However, since at least the time of Newton, if not the discovery of Neptune, astronomy has been deeply influenced by physics. Ignoring physics other than gravity – so star/planet, rocky/ice/gas planet, etc – the orbital stability of systems of masses has been know for at least a century. So what, other than “tradition”, stopped the IAU from adopting a “clearing its orbit”-type criterion in the 19th century?

Yeah, lack of the ability to edit is a pain 😉

The stability of massive objects whose motions are dominated by gravity has been known for centuries, so why hasn’t the IAU cottoned-on to how inconsistent its definitions are?

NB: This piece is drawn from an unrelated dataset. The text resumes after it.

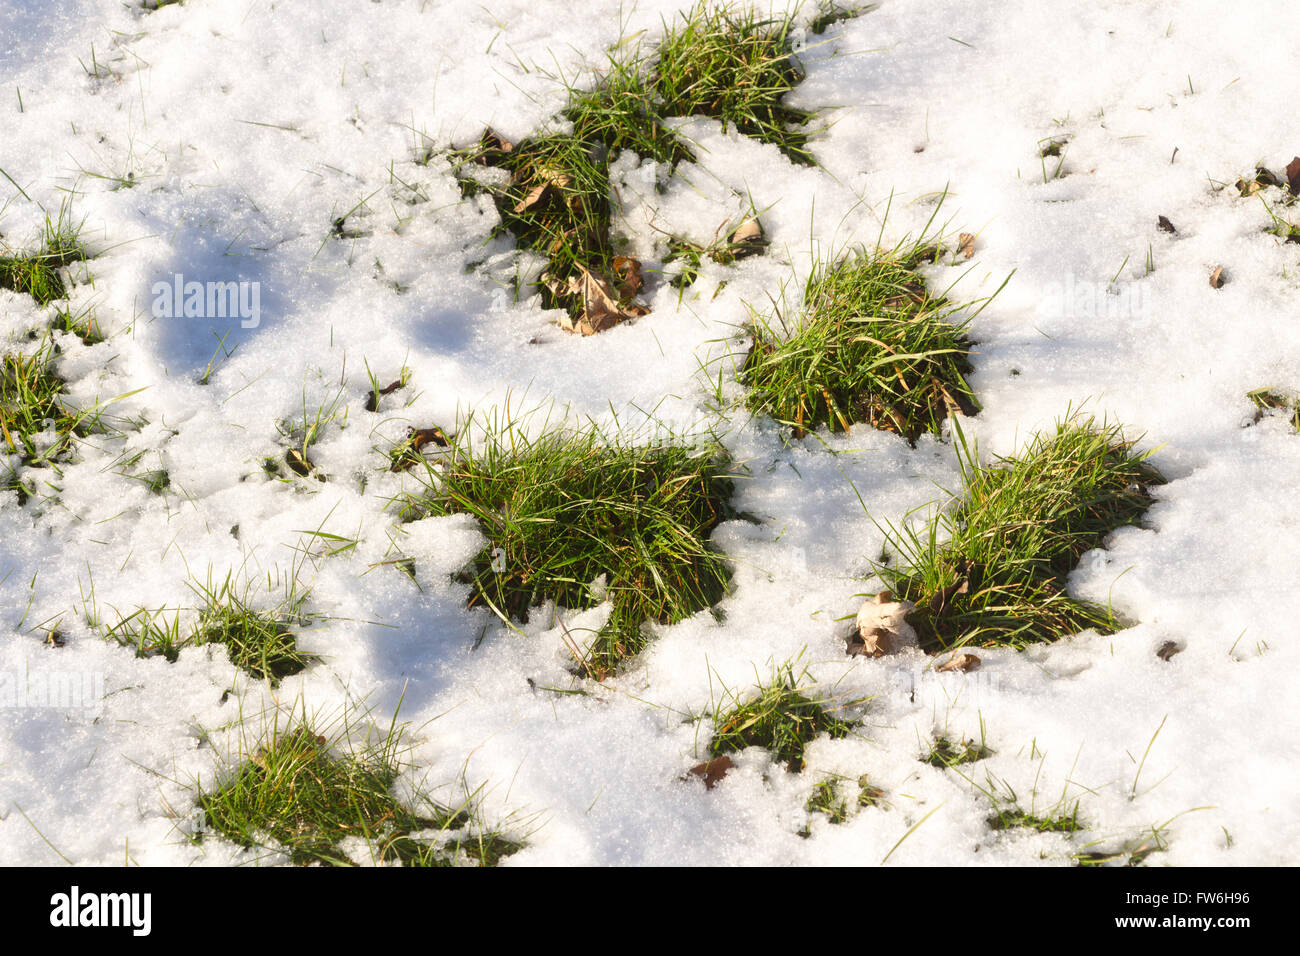 Fresco di erba verde sulla neve Foto Stock

What’s going to happen when a binary, composed of two objects with masses below that of a “star”, is discovered (perhaps a “brown dwarf binary”)? Will the more massive one be called, what, “the primary”? “the star”? And the less massive one a planet? Or will it become, by some semantic jujitsu, a binary planet?

How about when an exoplanet system is discovered, in which there’s something like super-Earth and an Earth-mass pair, kinda like a souped up Pluto-Charon?

Or even a very distant binary TNO, with each having ~the same mass, and well and truly in hydrostatic equilibrium?

How about massive objects which orbit an SMBH (super-massive black hole), such as SgrA*? It will surely be only a matter of time before one with a “planetary” mass is discovered (though discovering any binary planets may take a bit longer)!

Or will “planets”, “dwarf planets”, and “moons” (and “asteroids”, “comets”, etc) be limited to what orbits our homestar, the Sun (per the definition Brian posted), or its planets (etc)?

I don’t think it’s been raised at IAU general assemblies since 2006. Given the New Horizons data, it’ll probably come up in 2018.

If two stars, of quite unequal mass, can be called a binary (provided they orbit a common center of mass), why can’t Pluto-Charon be called a binary dwarf planet?